:: Problem to work on ::
Print the whole listing again exactly, keeping no pictures in it.

:: Given material ::
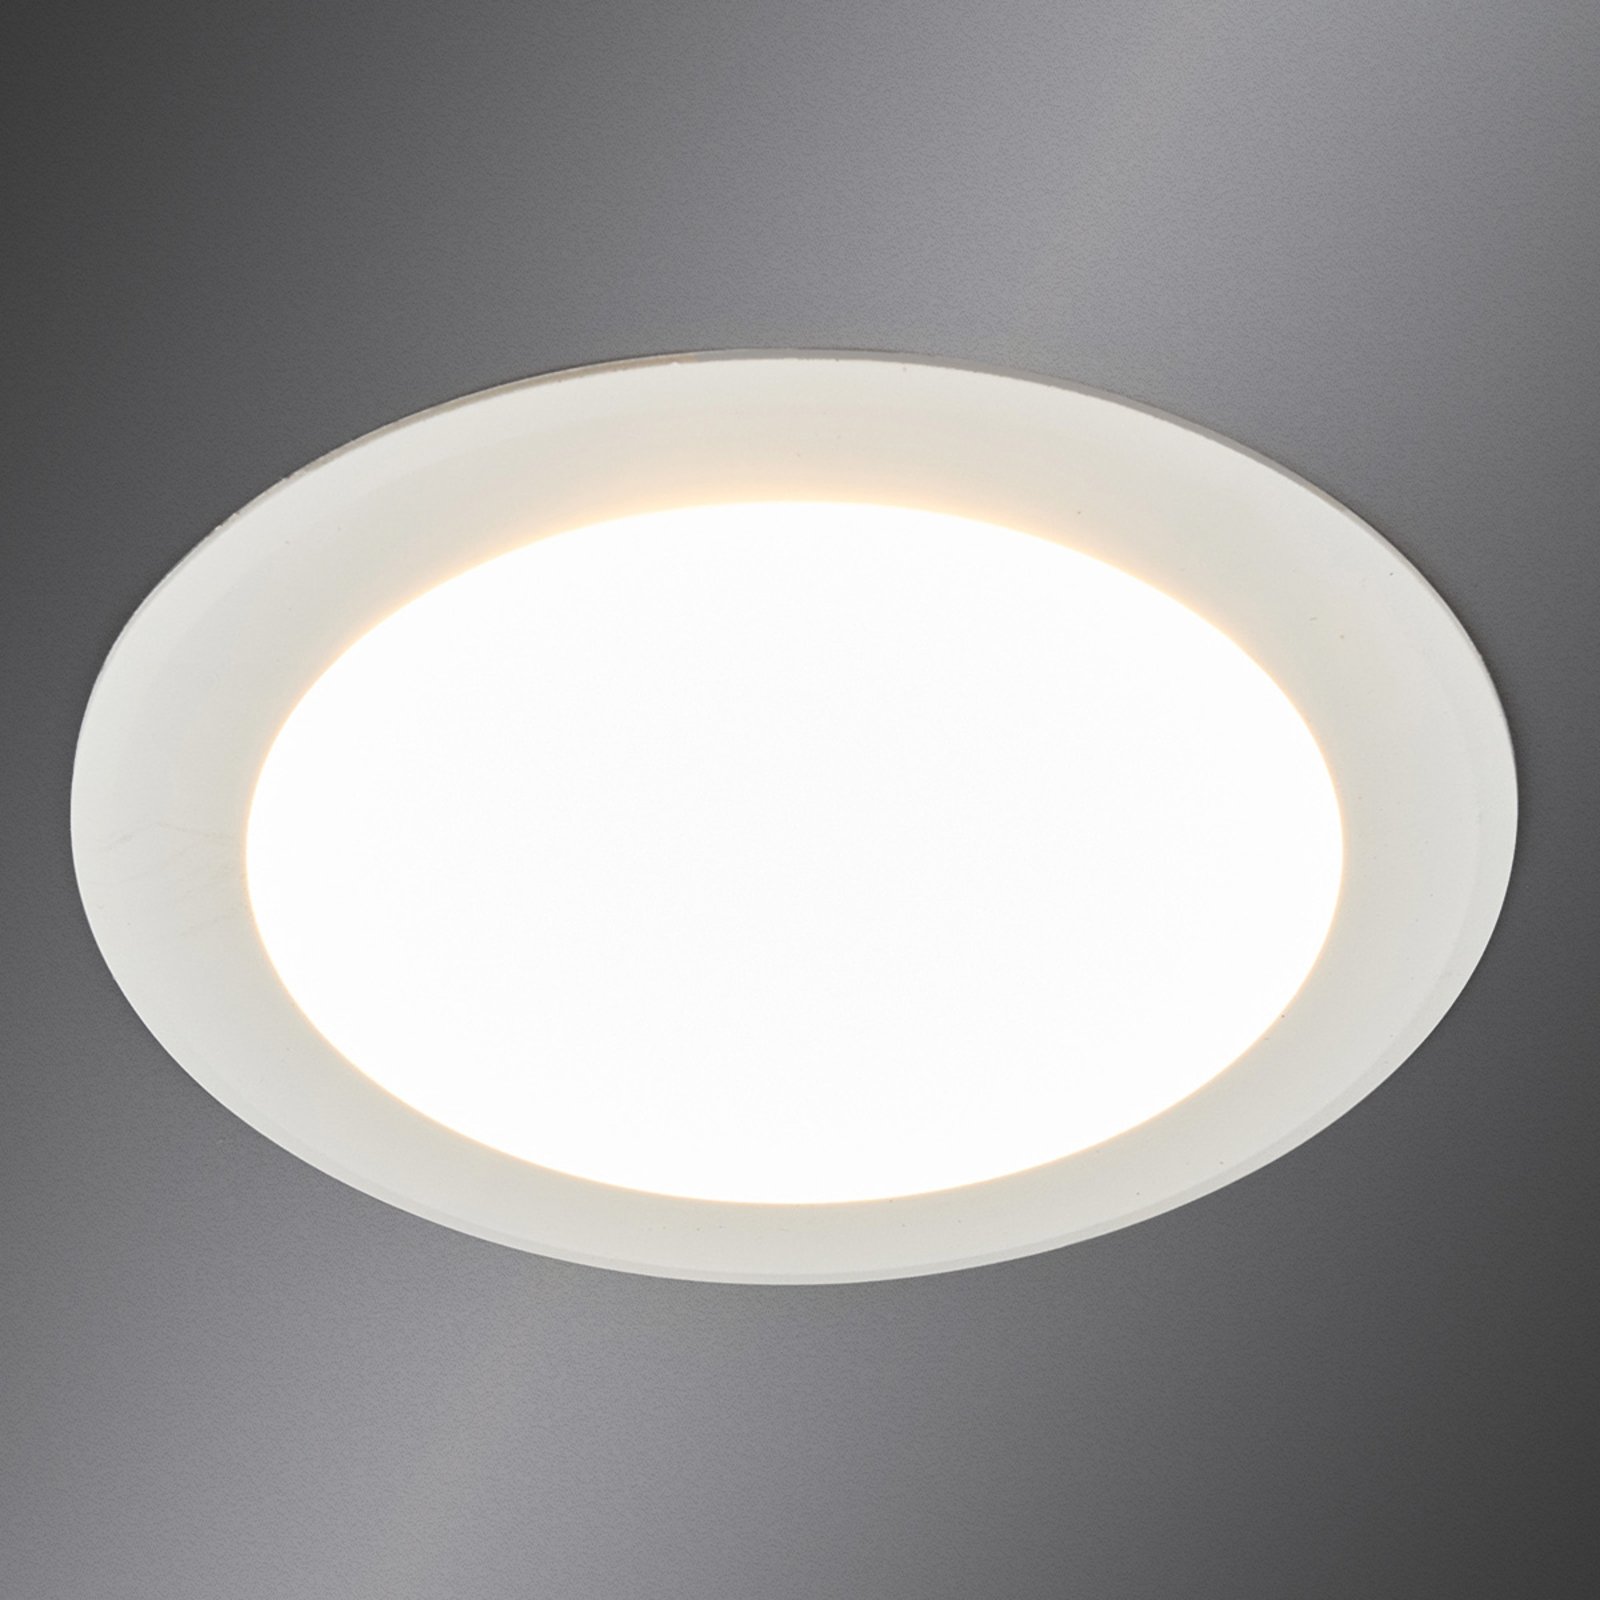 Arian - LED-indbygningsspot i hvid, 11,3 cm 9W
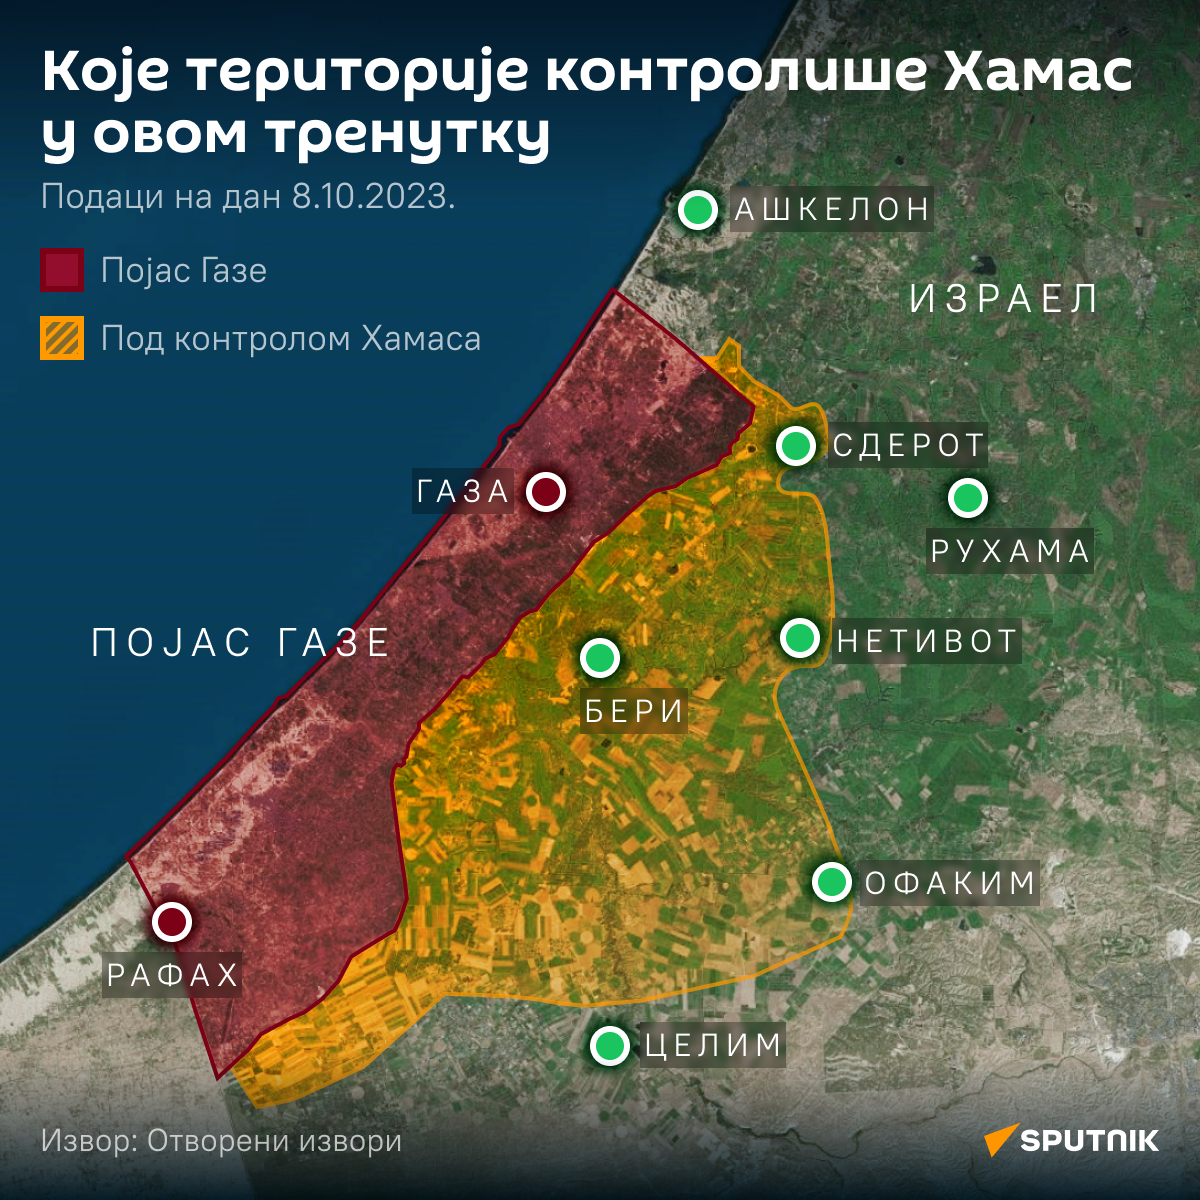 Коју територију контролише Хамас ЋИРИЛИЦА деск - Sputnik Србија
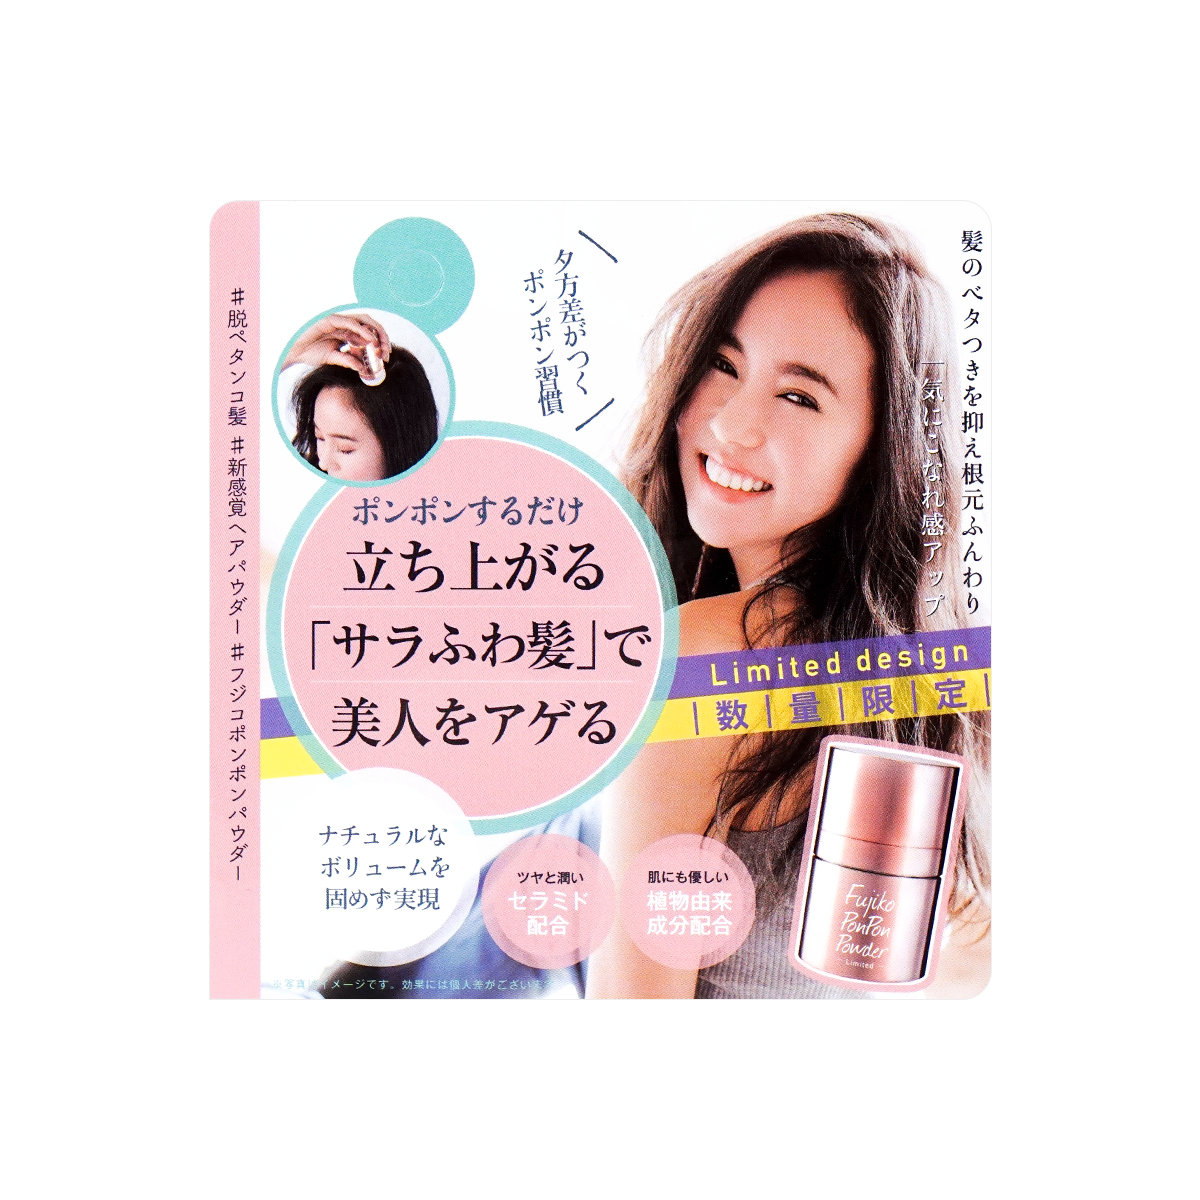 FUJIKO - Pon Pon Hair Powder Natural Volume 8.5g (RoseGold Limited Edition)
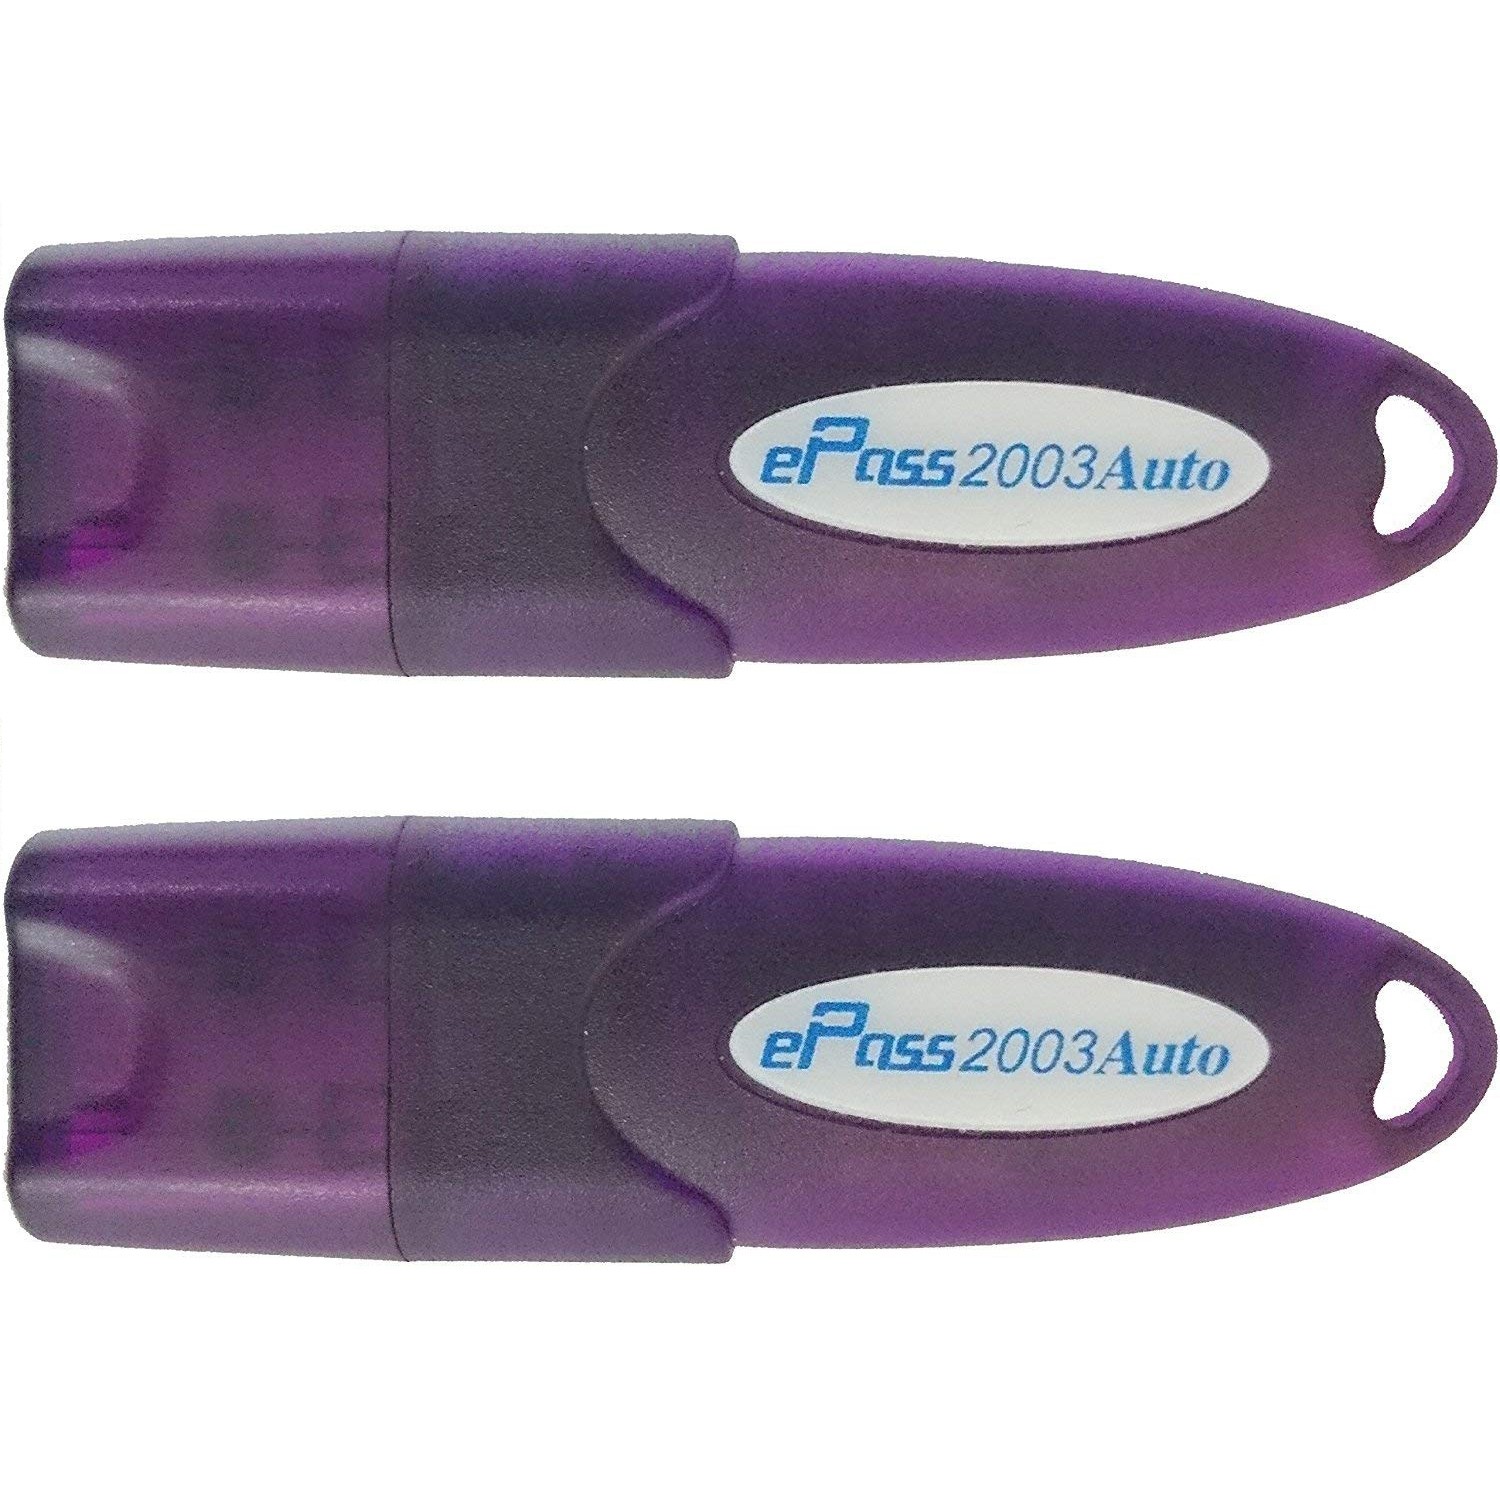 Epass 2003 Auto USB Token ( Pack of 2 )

:: Response ::
 Arian - LED-indbygningsspot i hvid, 11,3 cm 9W
 Коју територију контролише Хамас ЋИРИЛИЦА деск - Sputnik Србија
 FUJIKO - Pon Pon Hair Powder Natural Volume 8.5g (RoseGold Limited Edition)
 Epass 2003 Auto USB Token ( Pack of 2 )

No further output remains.